Among the off-line systems that identify hand-written isolated characters are [Abuhaiba90, AlYousefi90, AlTikriti85, ElDesouky92, Hyder88]. [Abbas86, AbdelAzim89b, Goneid92] identify hand-written Arabic (Hindi) numerals, and [Badi80, Badi82, Goraine92, Jambi92, Zahour91] distinguish hand-written words. The majority of off-line systems distinguish typewritten cursive words [AbdelAzim89c, AbdelAzim90a, Bouhlila89, ElDabi90, Amin86, ElKhaly90, ElSheikh88b, Goraine89, Khella92, Margner92, Nazif75, Nouh87, Ramsis88, Tolba89, Tolba90, ElRamly89c, HajHassan90, HajHassan91], while [ElShiekh88a, Mahdi89, Mahmoud94, Nouh80, Nouh89, NurulUla88, Fayek92, Sarfraz2005d, Zidouri2005] identify only typewritten isolated characters. The systems of [Abdelazim90b, AlBadr92, ElGowely90, Kurdy92, Fakir93] are intended to recognize typeset words. One of the systems [Abdelazim89a] recognizes bilingual (Arabic/Latin) typewritten words. Examples of systems for detection of other languages that use Arabic script are [Parhami81, Yalabik88, Hyder88], which are designed for the identification of Persian, Ottoman (Old Turkish), and Urdu, respectively.
Uses of Handwritten Character Recognition:
Optical character recognition technology has many practical applications that are independent of the treated language. The following are some of these applications:
For cataloging bank checks since the number of checks per day has been far too large for Manual arrangement.
For inflowing data into commercial data processing files, for example inflowing the names and addresses of mail order customers into a database. In addition, it can be worn as a work sheet reader for payroll accounting.
In Postal Department:
For postal address reading, cataloging and as a reader for handwritten and printed postal codes.

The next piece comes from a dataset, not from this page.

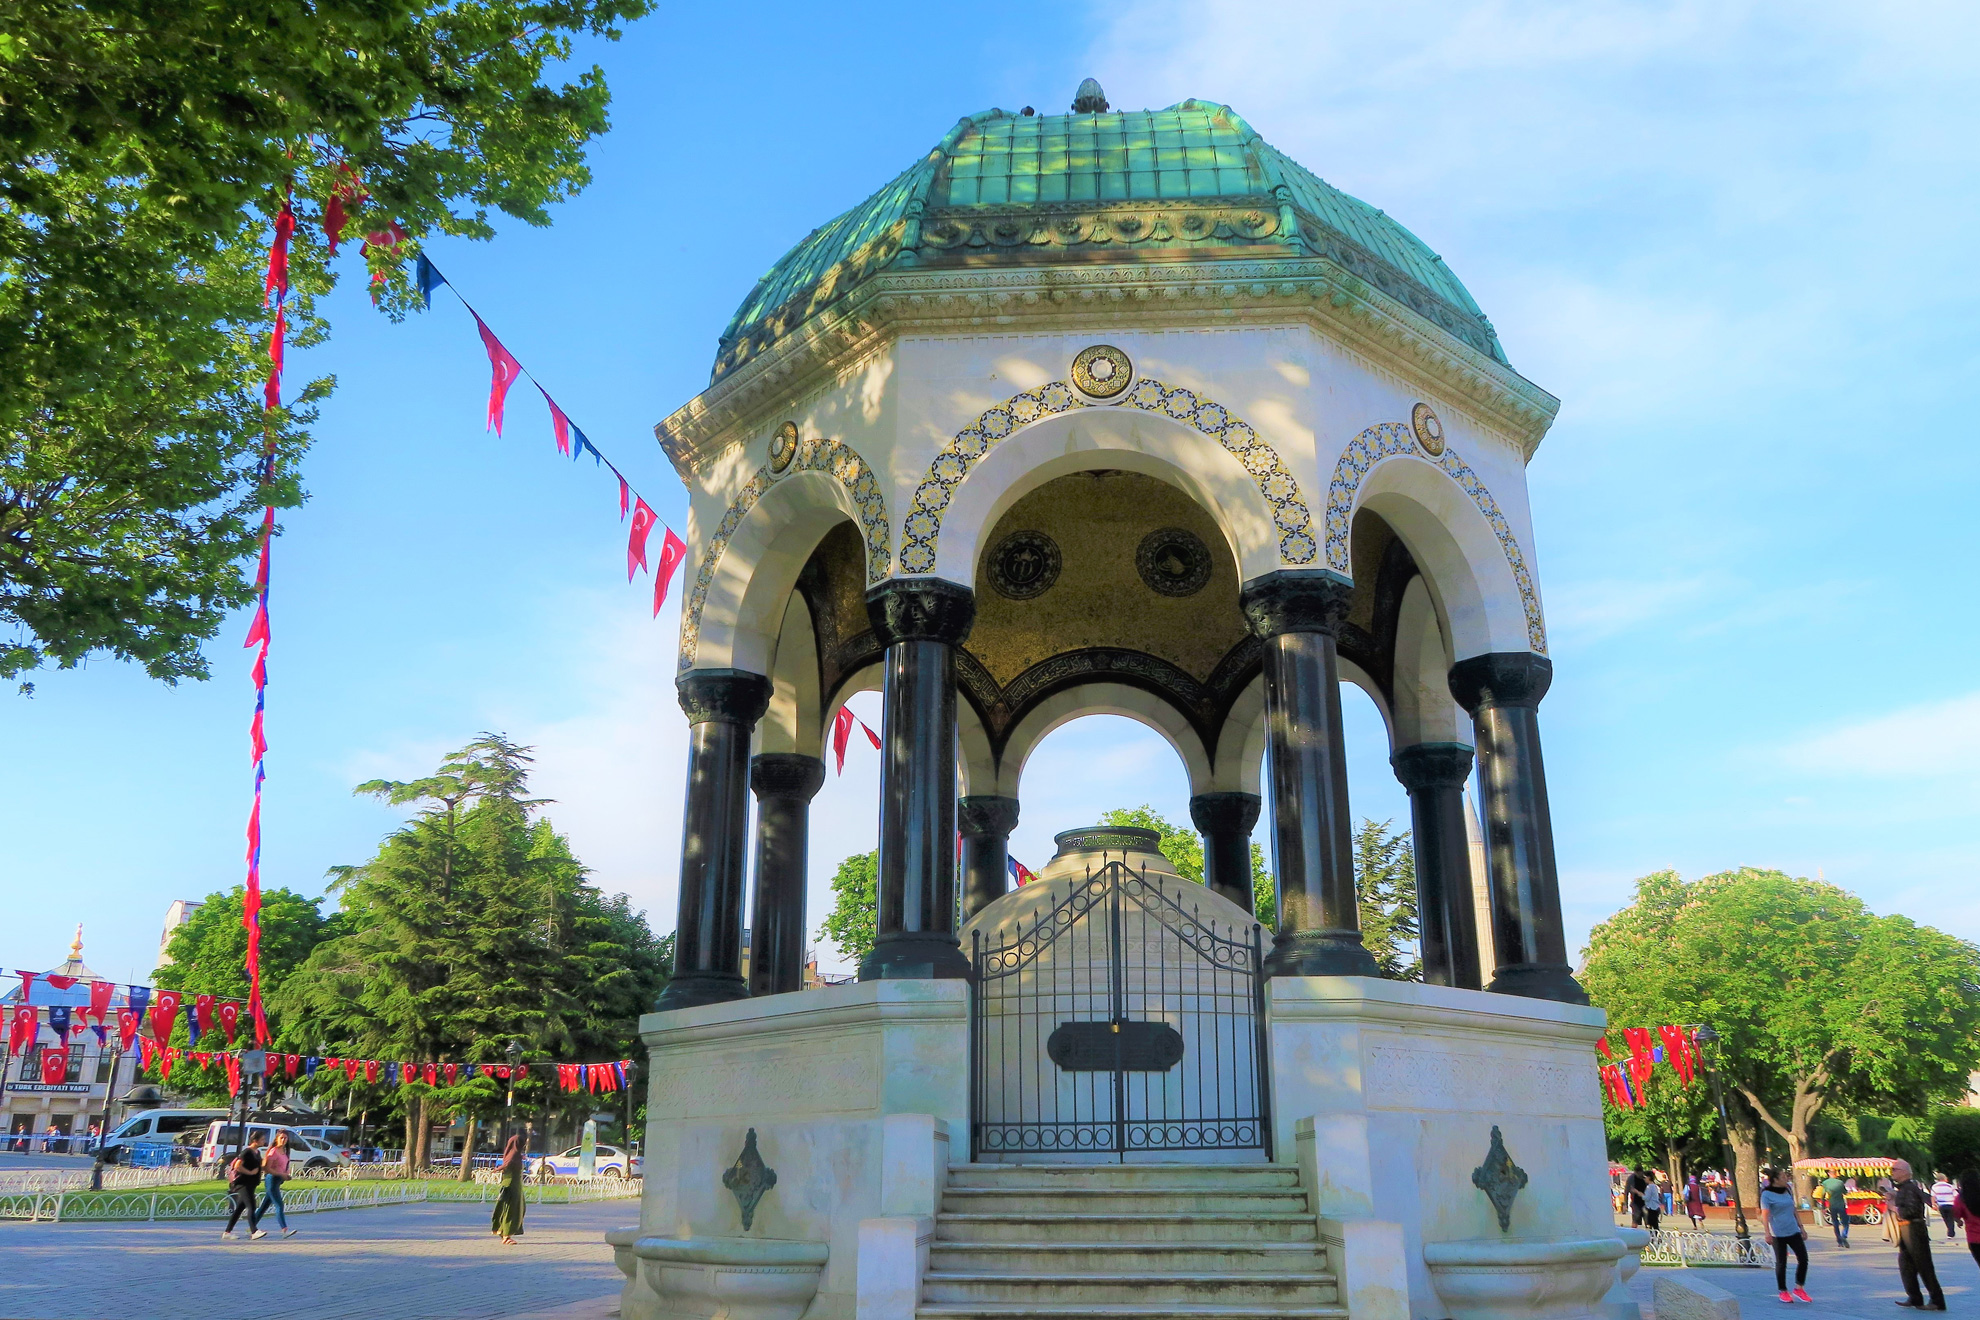  Истанбул - величието на една империя - Фонтана на Вилхелм II, Истанбул, Турция - The Fountain of Wilhelm II, Istanbul, Turkey

Premium typescript may be read by recognition equipment into a computer typesetting system to keep away from typing errors that would be introduced by keypunching the text on computer peripheral equipment.
Use by Blind:
It is used as a reading abet using photo sensor and tactile simulators, and as a sensory aid with sound output. Additionally, it can be worn for reading text sheets and reproduction of Braille originals.
In Facsimile Transmission:
This procedure involves transmission of pictorial data over communications channels. In practice, the pictorial data is mainly text. Instead of transmitting characters in their pictorial representation, a character identification system could be used to recognize each character then transmit its text code. Finally, it is worth to say that the major potential application for automatic character identification is as a general data entry for the automation of the work of an ordinary office typist.

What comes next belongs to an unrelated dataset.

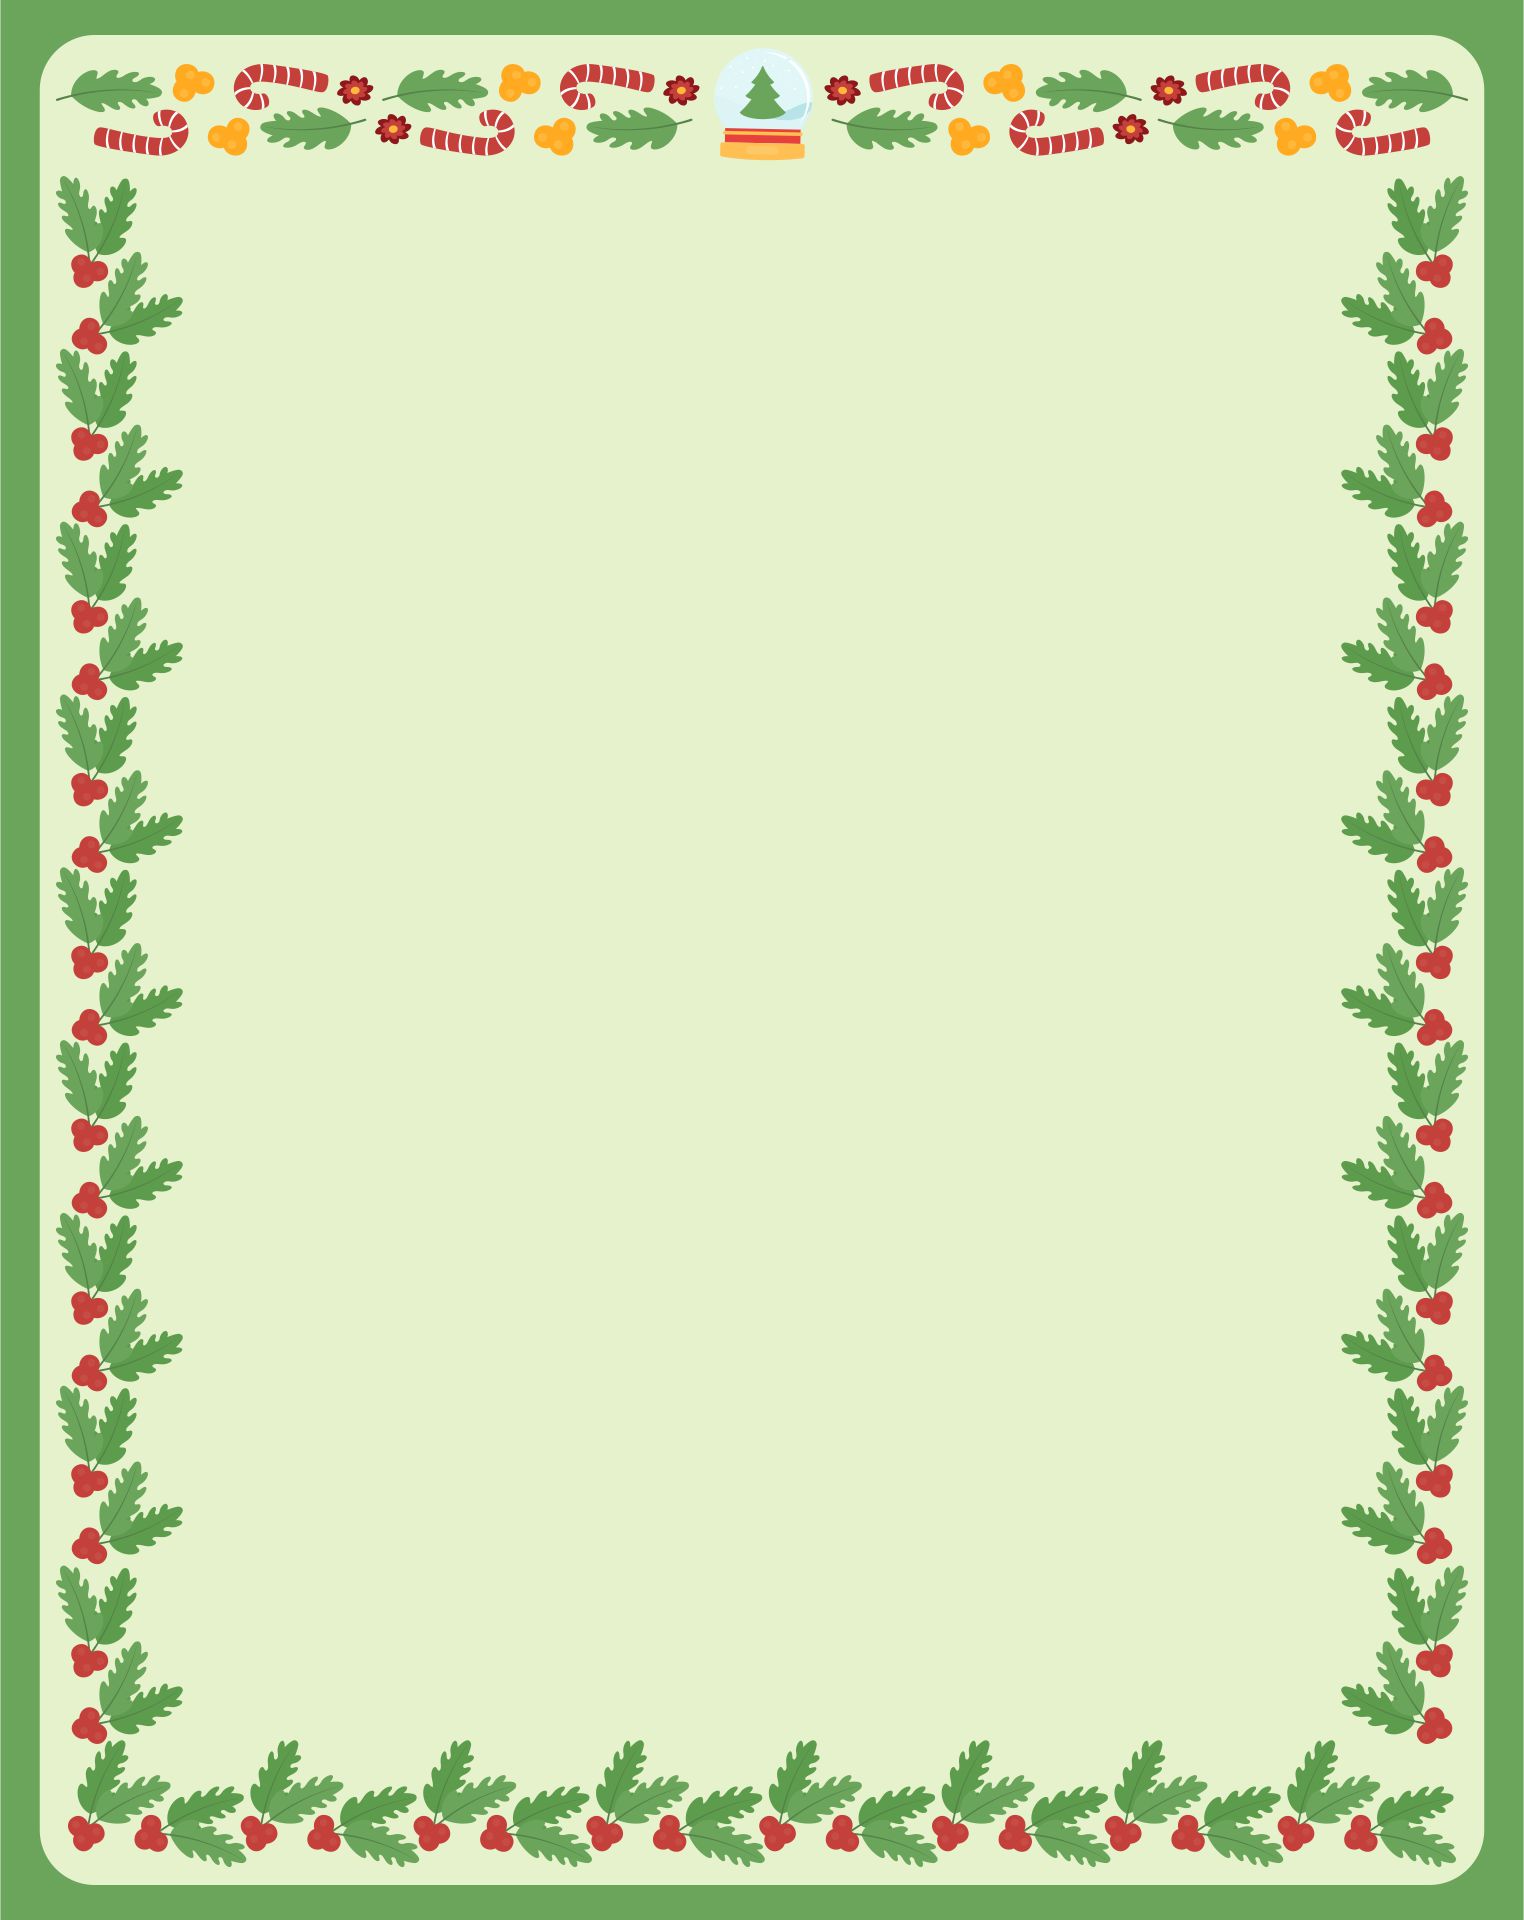 Printable Christmas Border Design

Development of New HCR Techniques:
As HCR and OCR research and development advanced, demands on handwriting identification also increased because a lot of data (such as addresses written on envelopes; sums written on checks; names, addresses, identity numbers, and dollar values written on invoices and forms) were written by hand and they had to be pierced into the computer for processing. But early HCR techniques were based generally on template matching, simple line and geometric features, stroke detection, and the extraction of their derivatives.
Such techniques were not classy enough for practical identification of data handwritten on forms or documents. To cope with this, the Standards Committees in the United States, Canada, Japan, and some countries in Europe designed some handprint models in the 1970s and 1980s for people to write them in boxes . Hence, characters written in such specified shapes did not diverge too much in styles, and they could be recognized more easily by OCR machines, especially when the data were pierced by controlled groups of people, for example, employees of the same company were asked to write their data like the advocated models. Sometimes writers were asked to follow certain bonus instructions to enhance the quality of their samples, for example, write big, close the loops, use simple shapes, do not link characters, and so on. With such constraints, OCR detection of handprint was able to flourish for a number of years.

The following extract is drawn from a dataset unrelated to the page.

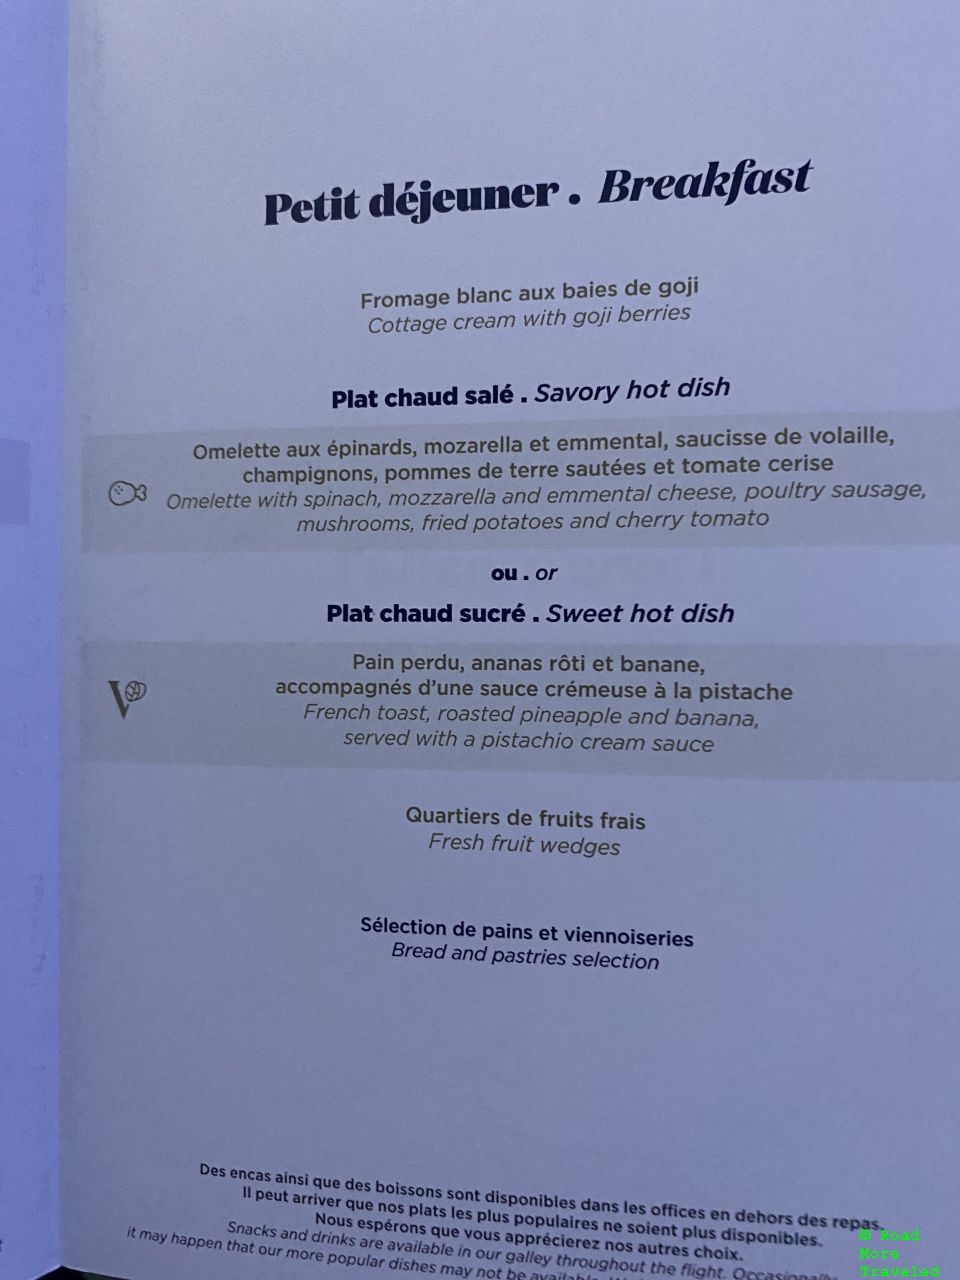 Air Tahiti Nui B787-9 Business Class - breakfast menu

Recent Trends and Movements:
As the years of exhaustive research and development went by, and with the birth of several new conferences and workshops such as IWFHR (International Workshop on Frontiers in Handwriting Recognition), 1 ICDAR (International Conference on Document Analysis and Recognition), 2 and others , identification techniques advanced rapidly. Moreover, computers became much more authoritative than before. People could write the way they normally did, and characters need not have to be written like specified models, and the subject of unimpeded handwriting recognition gained considerable momentum and grew swiftly. As of now, many new algorithms and techniques in pre-processing, feature extraction, and powerful classification methods or technique have been urbanized [8,9]
Extraction and Recognition of online character
3.1 Stage of online Arabic character Recognition
In online character recognition system the data are as a Arabic character are input through input device called a tablet. After receiving the data certain operation are performed on this data (Arabic character) to extract their feature and recognize these characters by comparing the original character in the database. These extraction and recognition process are done in the following stages
- Data Acquisition
- eature extraction
3.2 Data acquisition
The retrieval of data from input devices like tablets mouse etc. this received data as a character is used in the character recognition processing. In data acquisition techniques
We can operate certain operation on it
As during the writing in tablets or input device strokes contains zigzag direction due to natural hand movements .this a slow change but it affects recognition process. To overcome this issue data filtering is used data filtering use the simple technique smoothing. During smoothing process the coordinate of the original point use the neighbor pixels when we input data are put by writing in the tablets or other input devices
During writing in the tablets the writers create extra line and other curves in the character. This event happen when pen-down, pen up occurs. Due to which the characters' joints effects and create problem in the detection of joints. So removal of these are necessary which are almost occur at the starting and ending of characters strokes.
The process in which dictation of features and shape classification are done. Freeman code Border is also used for this process.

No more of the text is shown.